Earth (La Terre)As I come towards the end of my two-year Zola project, I am starting to feel a little bit melancholy.  What can I find to read that might bring as much sustained pleasure as reading the 20-volume Rougon-Macquart cycle?  Earth (La Terre) (1887) is 15th in the publication order but 18th in the recommended reading order; so for me after this all that’s left to read is only La Débâcle (1892) (The Downfall/The Smash-up/The Debacle) and Le Docteur Pascal (1893) (Doctor Pascal).  Oh woe!

Earth (also translated as The Soil) is a masterpiece.  It is a tale of terrible family conflict over land-ownership.  The peasants of this novel have such a distorted love of land that causes only toil and heartbreak, that they are prepared to abandon the ordinary impulses of humanity to keep it.

As with everything else he wrote, Zola researched his subject thoroughly, and it shows.  On the one hand there are lyrical descriptions of the landscape lush with the harvest or the desolation of a field after hail, and on the other there are crude, lewd descriptions of the earthy peasants, their drinking and carousing, their brutish work, their use and abuse of women, and their exasperating ignorance and stupidity.  As Brian Nelson says in his excellent introduction, Zola was not like other novelists of his era in idealising rural life; he wrote naturalism and he painted a frank portrait of what he saw on his research trip to the Beuce.  To quote Nelson:

The novelist attended a big cattle market, visited farms, conducted interviews, and took extensive notes.  This research is undoubtedly reflected in the remarkable particularity of authentic detail that informs his descriptions of the peasants’ world and his elaboration of scenes that evoke ‘the eternal round of things’. (p.118): the evening gatherings in the cowshed, weddings, baptisms, fairs, funerals, as well as the sowing, haymaking, and harvesting.  However, it did not alter (but rather, reinforced) his imaginative conception of the reality he wished to depict.  (Introduction, p. xv)

The story revolves around the fortunes of the Fouan family, into whose orbit Jean Macquart falls when he comes looking for work as a carpenter after his discharge from the army.  Estranged from his family and looking for a quiet life after the horrors of war, Jean finds himself attracted to life on the land and takes up work as a labourer.  Before long he finds himself feeling protective towards Lise and Françoise Mouche, and then in different ways, attracted to both.  Lise is pregnant to Buteau, the brutish son of old Fouan, but he’s abandoned her and taken off for elsewhere, partly because of a stupid row over land.

Old Fouan is a parody of King Lear: old and tired, he decides to divide his holdings between his three children, Fanny (respectably married to Delhomme); Buteau (a pig-headed oaf); and Hyacinthe, (a drunkard, gambler and poacher, known scandalously as Jesus-Christ).  The deal is that he and his wife will continue to live in the family home and all three children will pay him a pension.  There is one sordid scene after another while they haggle over every last sou, and in the end when they draw lots for who is to get which parcel of land, Buteau doesn’t get the one he wanted and he goes off in a huff.

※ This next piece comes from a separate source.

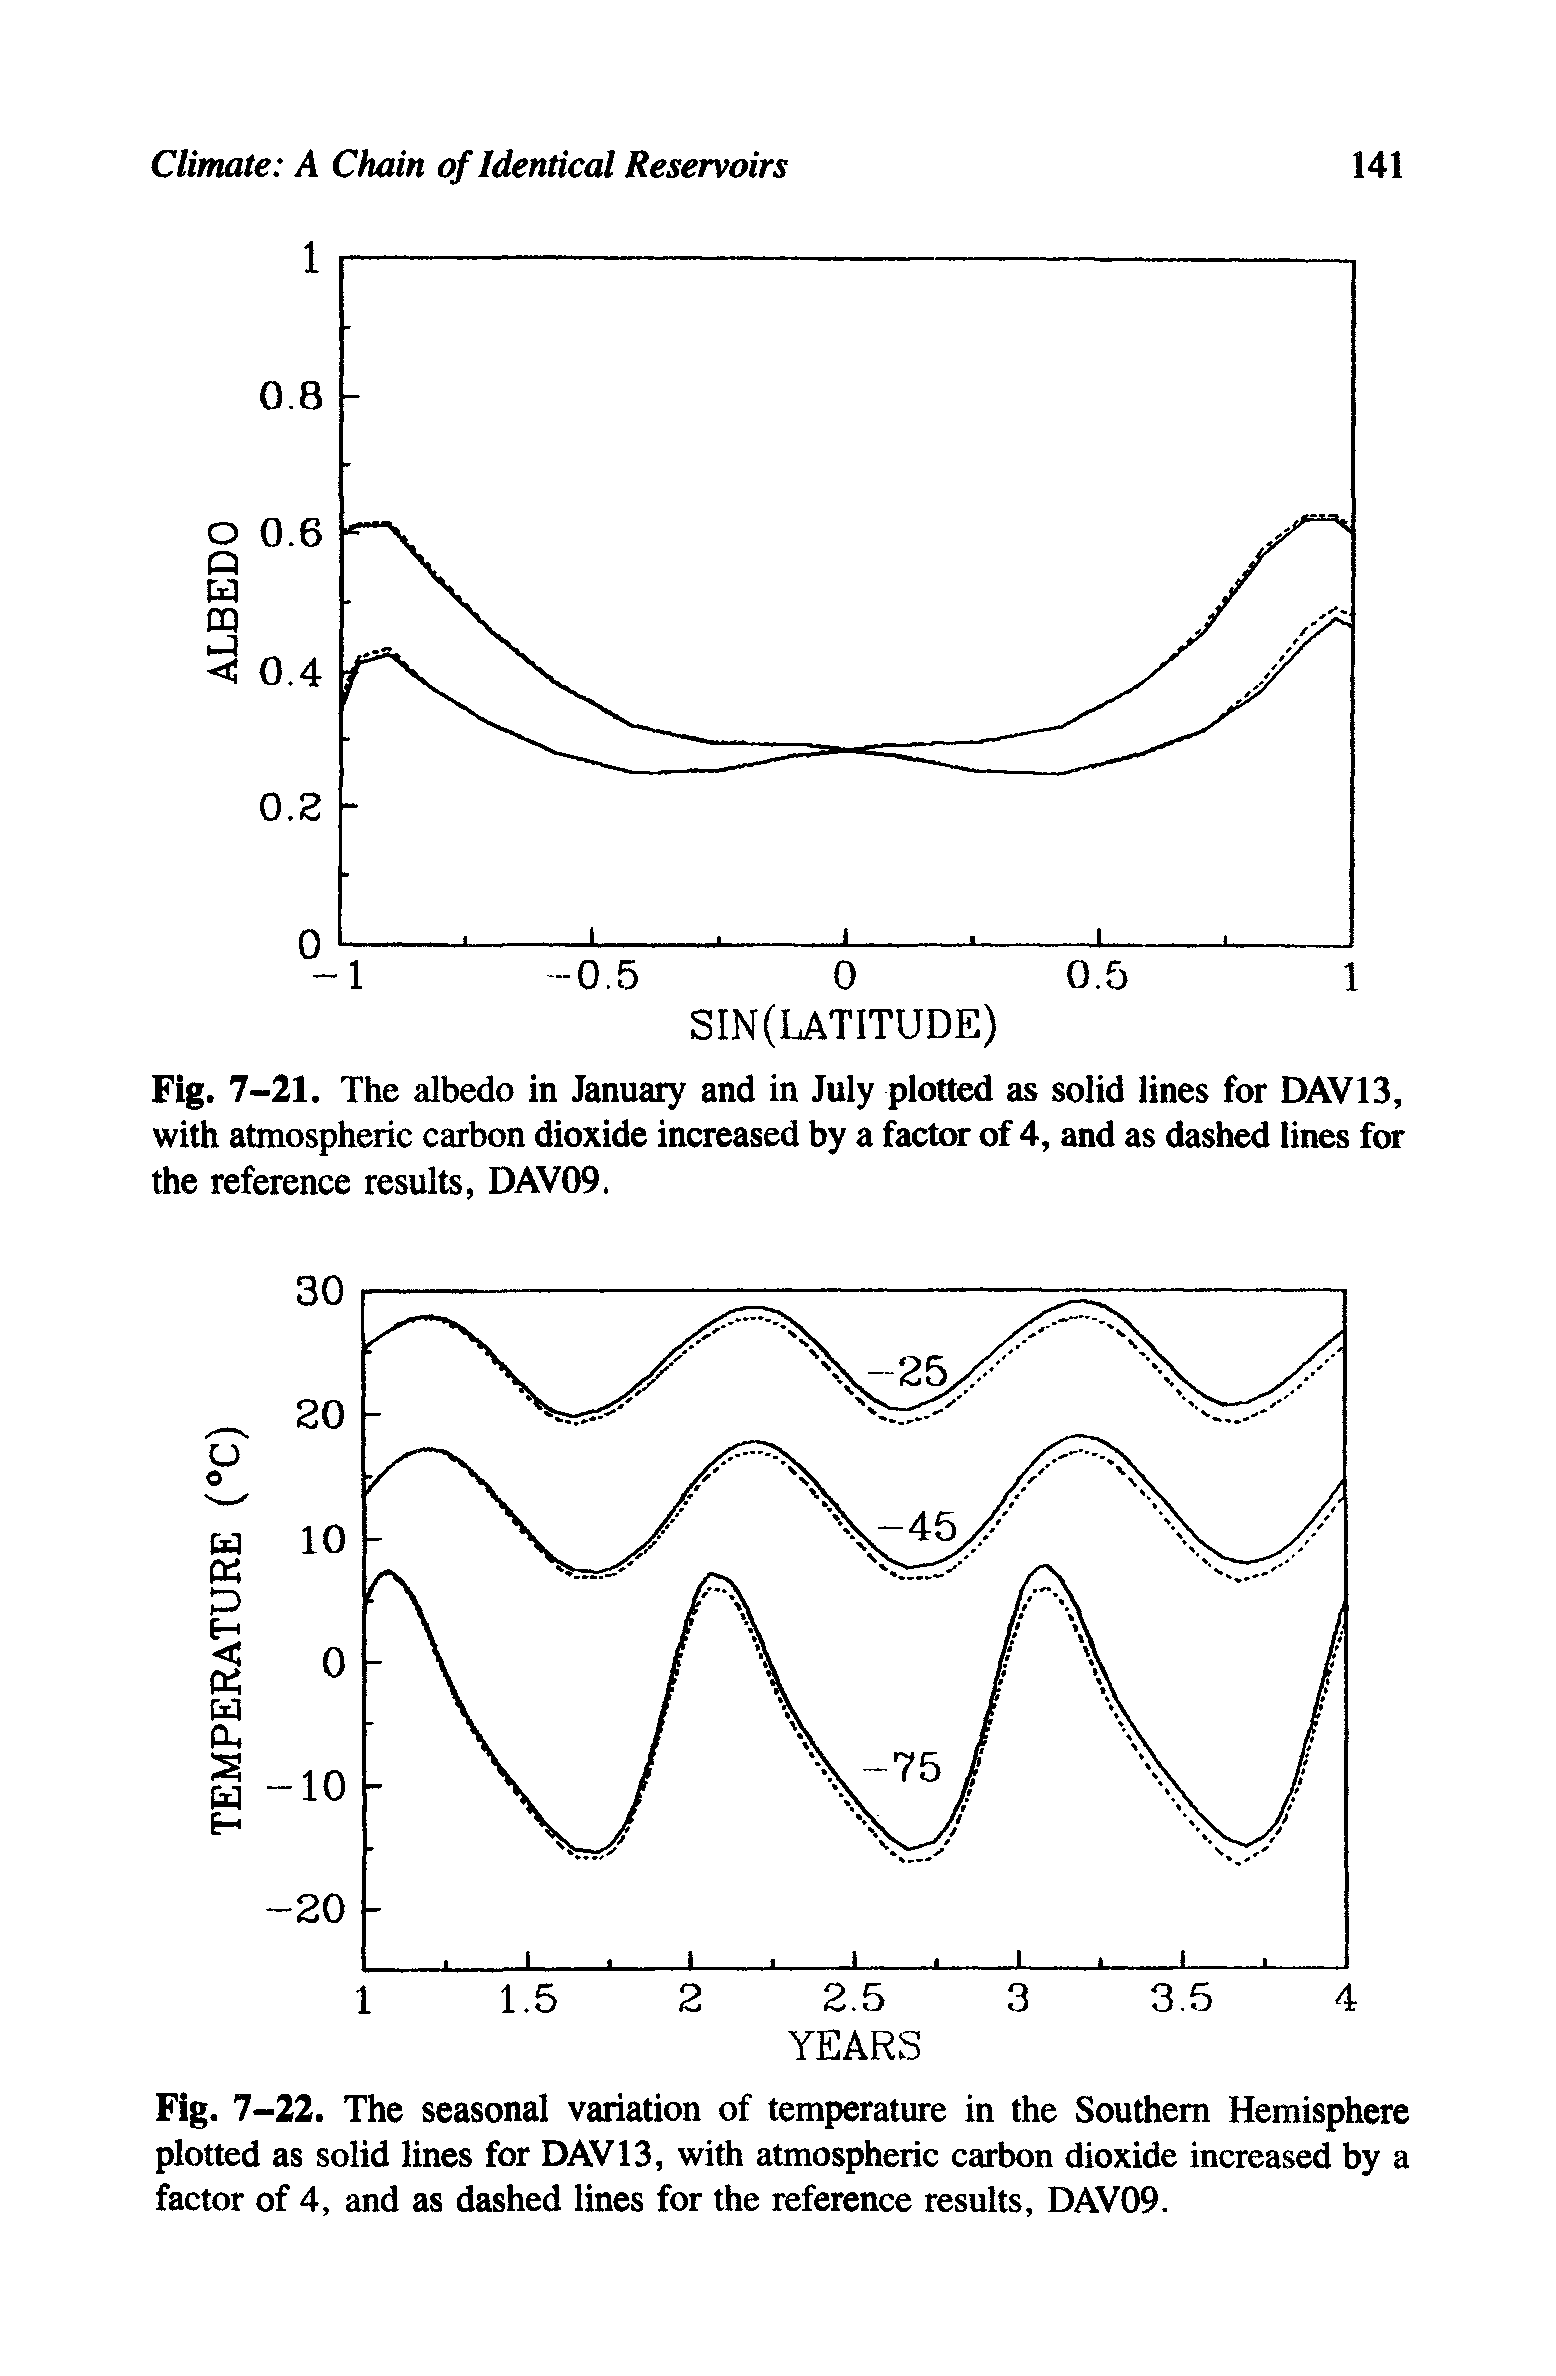 Fig. 7-21. The albedo in January and in July plotted as solid lines for DAV13, with atmospheric carbon dioxide increased by a factor of 4, and as dashed lines for the reference results, DAV09.

As Zola makes clear, it’s the inheritance of land that results in these ignoble family quarrels.  After all the post-revolution redistributions of land, peasant families never had enough land to make a decent living.  Inherited land was redistributed into smaller and smaller parcels as it was shared amongst the offspring, and the only way that more land could be acquired was to marry it.  Women were prized according to the land they’d inherited, and where it was sited.  (It was most convenient if it were adjacent to a prospective spouse’s land, of course).

While Jean eyes off Lise as a prospective wife, Buteau eventually comes to his senses and returns to take up his share of the Fouan land and marry her, because she and her sister have inherited land from their father, and because Françoise is underage he will have the use of her land as well.  Jean then finds himself attracted to Françoise – but is also not averse to a little hanky-panky elsewhere as well, because, well, that’s how it is.  Two parish priests try and fail to establish a bit of morality but with only one or two exceptions, all the women in the novel sleep around, indoors and outdoors, with anyone at all.  The men, for their part, regard it as their right to take women as and when they please.  This might seem a bit confronting, but it is part of Zola’s intention to show that women are a commodity used to get land, and that the fecundity of the earth creates a lusty attitude to life that is natural in that society.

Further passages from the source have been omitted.